■ TASK ITEM
Drop every picture, then print the rest of the listing exactly as given.

■ DATA EXCERPT
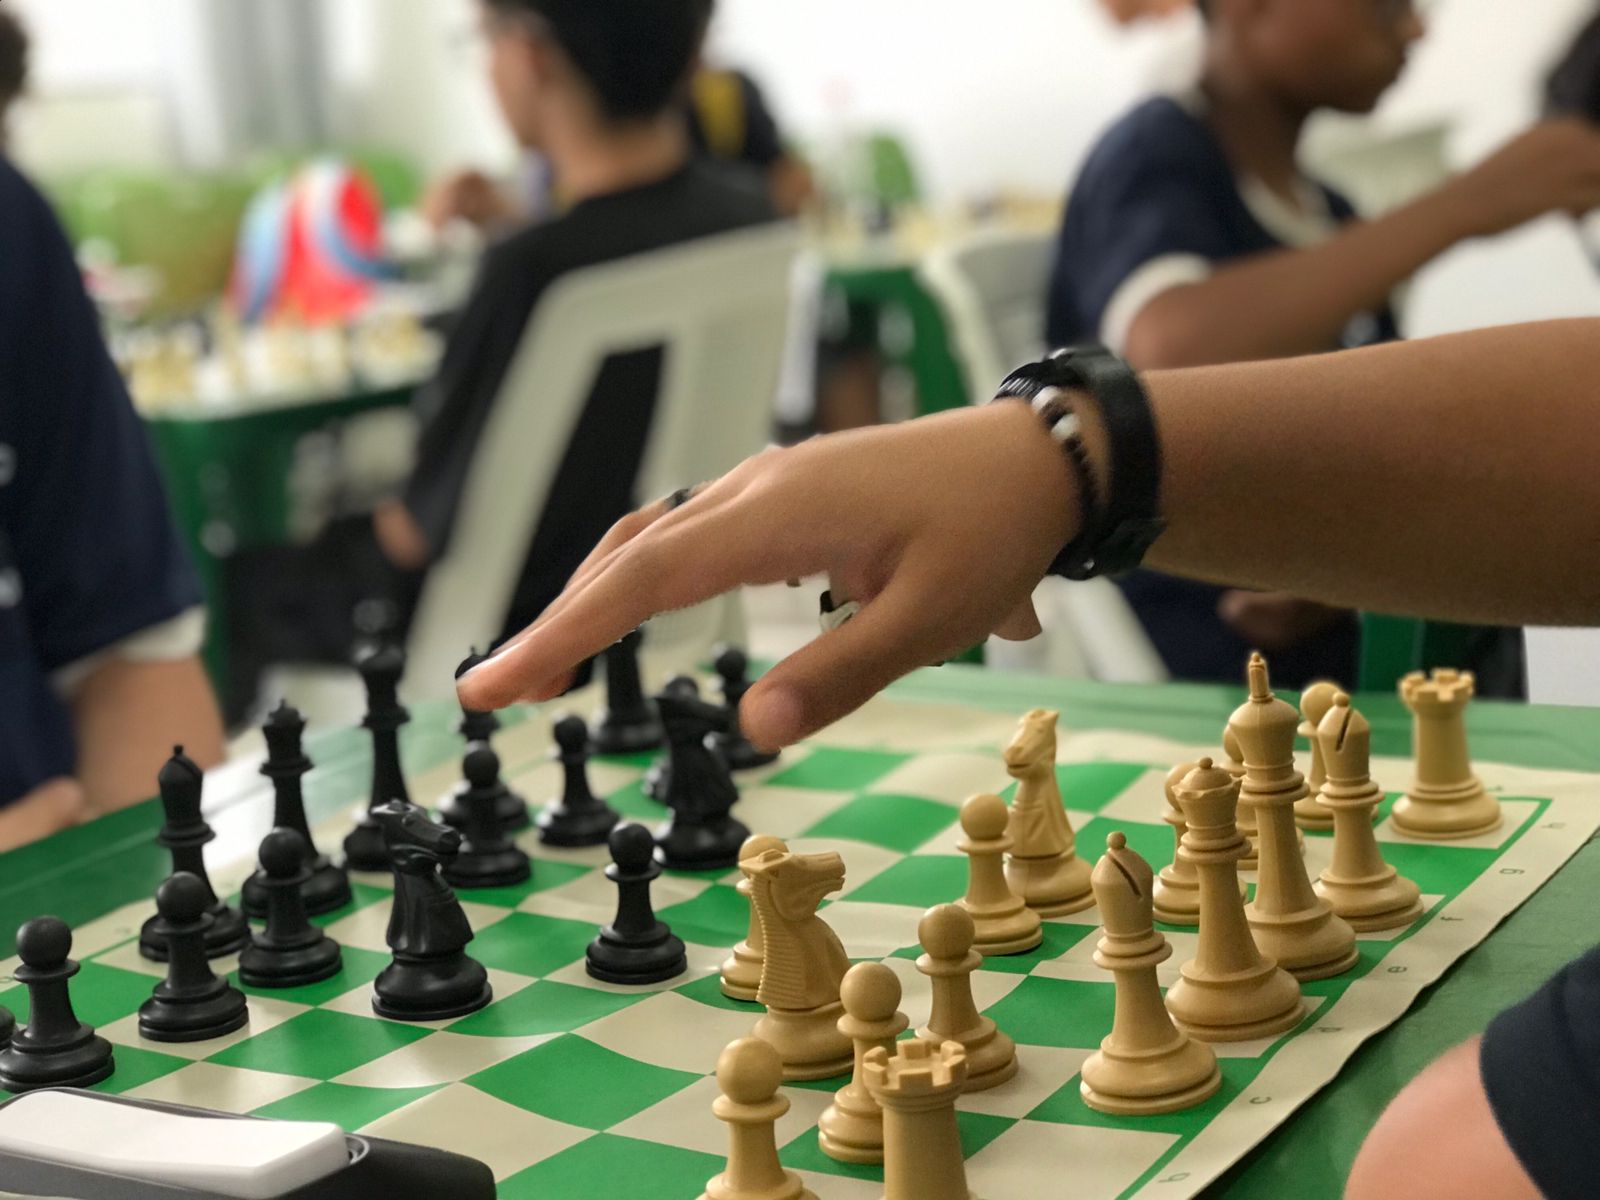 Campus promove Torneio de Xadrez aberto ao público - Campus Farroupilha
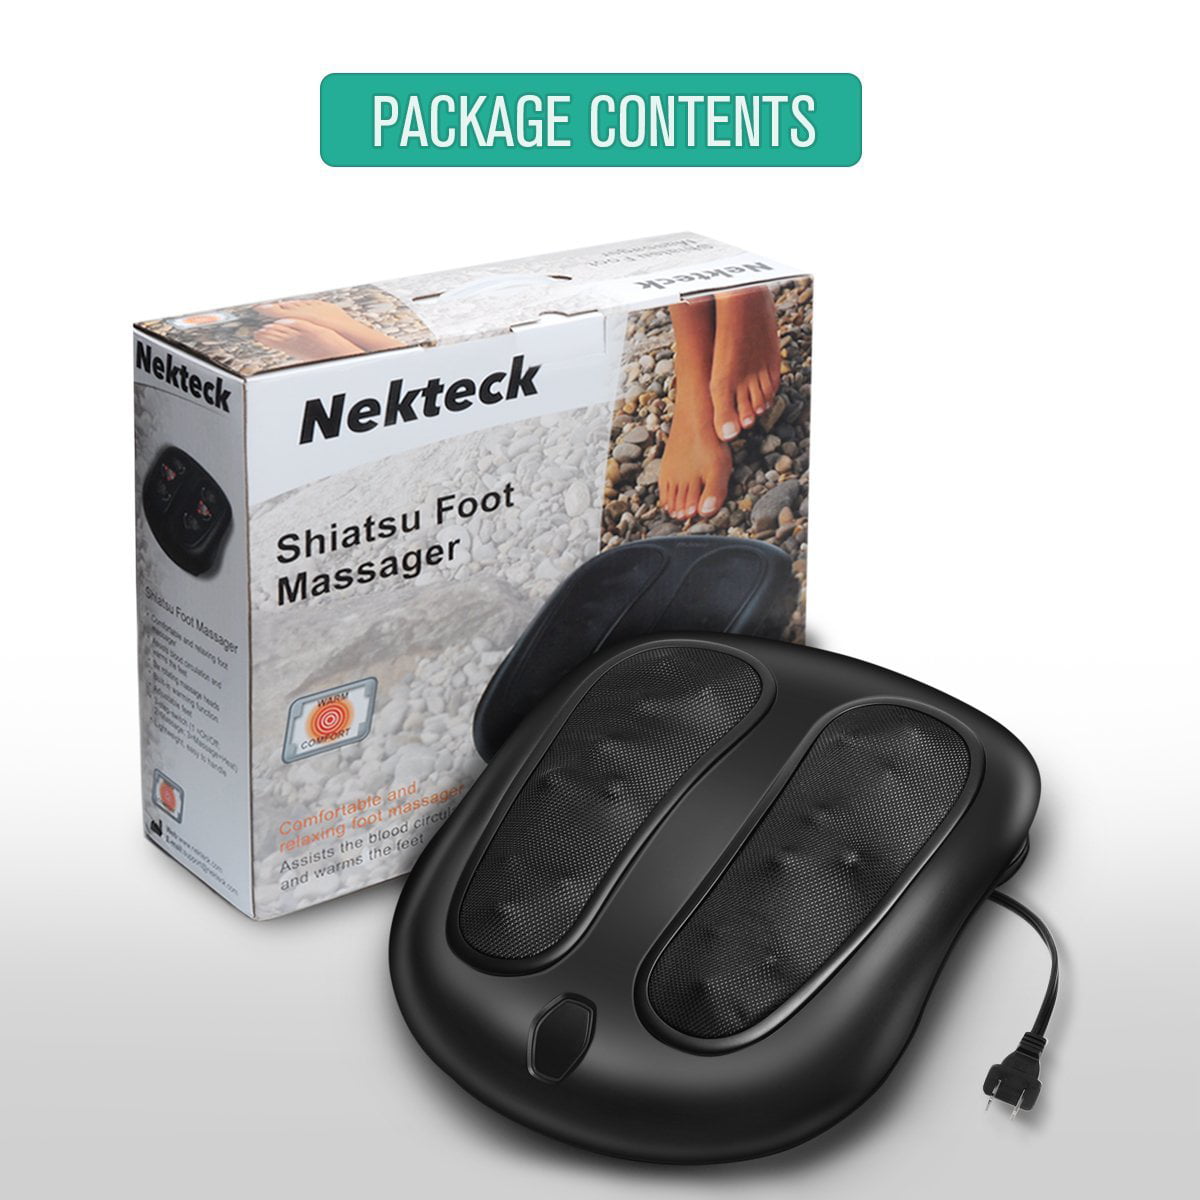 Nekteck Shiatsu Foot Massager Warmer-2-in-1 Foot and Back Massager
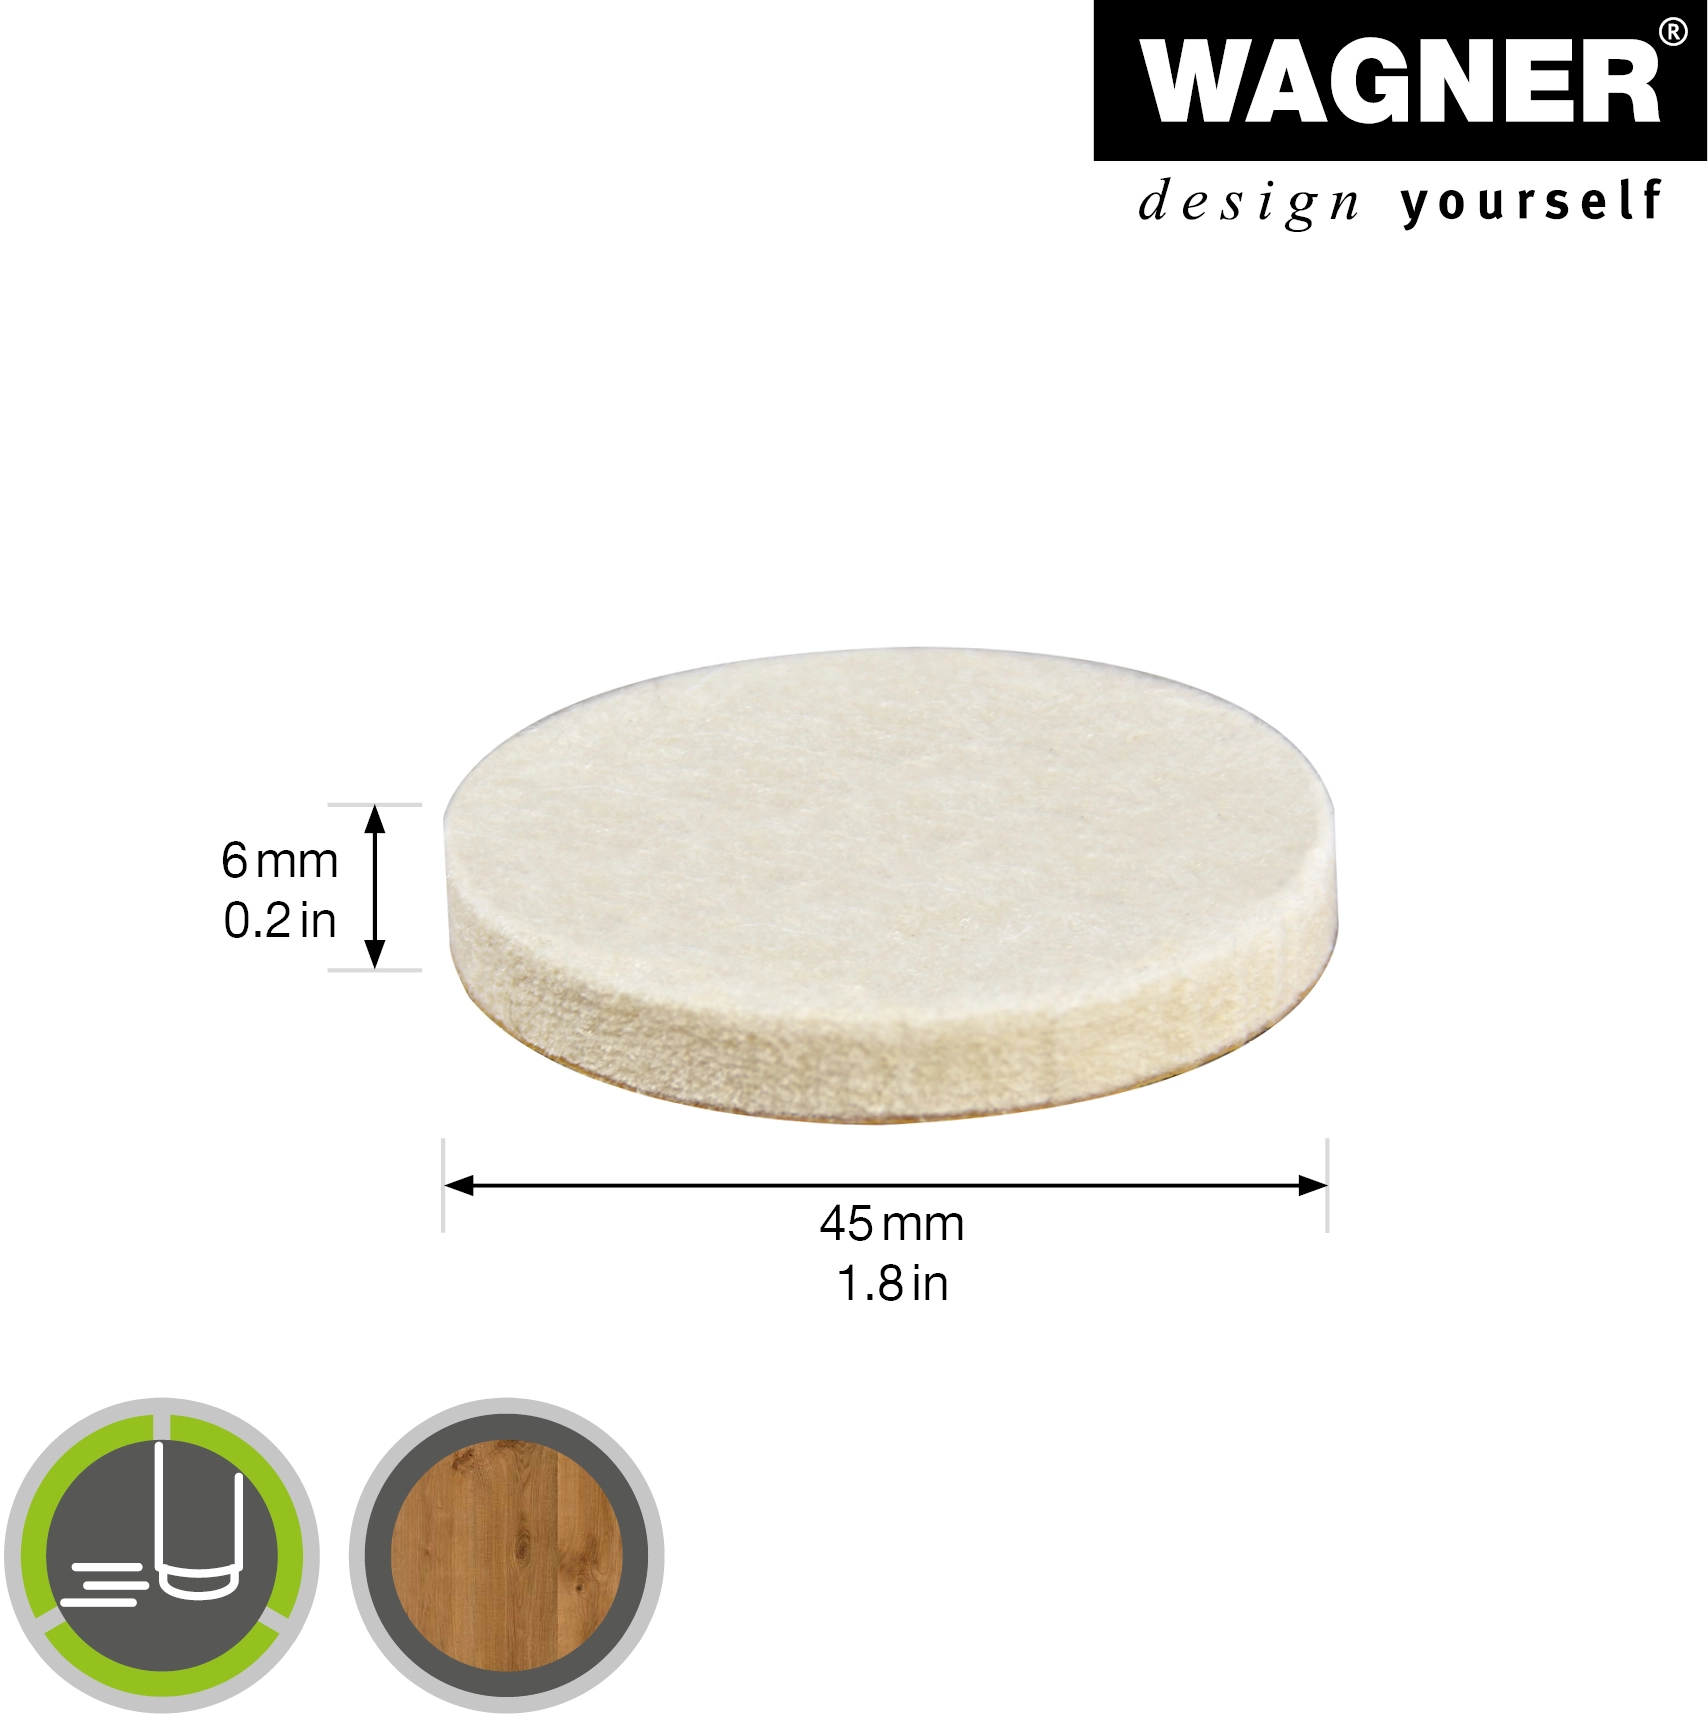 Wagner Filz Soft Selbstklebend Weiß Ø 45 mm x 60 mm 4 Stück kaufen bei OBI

■ PROBLEM SOLUTION
 Campus promove Torneio de Xadrez aberto ao público - Campus Farroupilha
 Nekteck Shiatsu Foot Massager Warmer-2-in-1 Foot and Back Massager
 Wagner Filz Soft Selbstklebend Weiß Ø 45 mm x 60 mm 4 Stück kaufen bei OBI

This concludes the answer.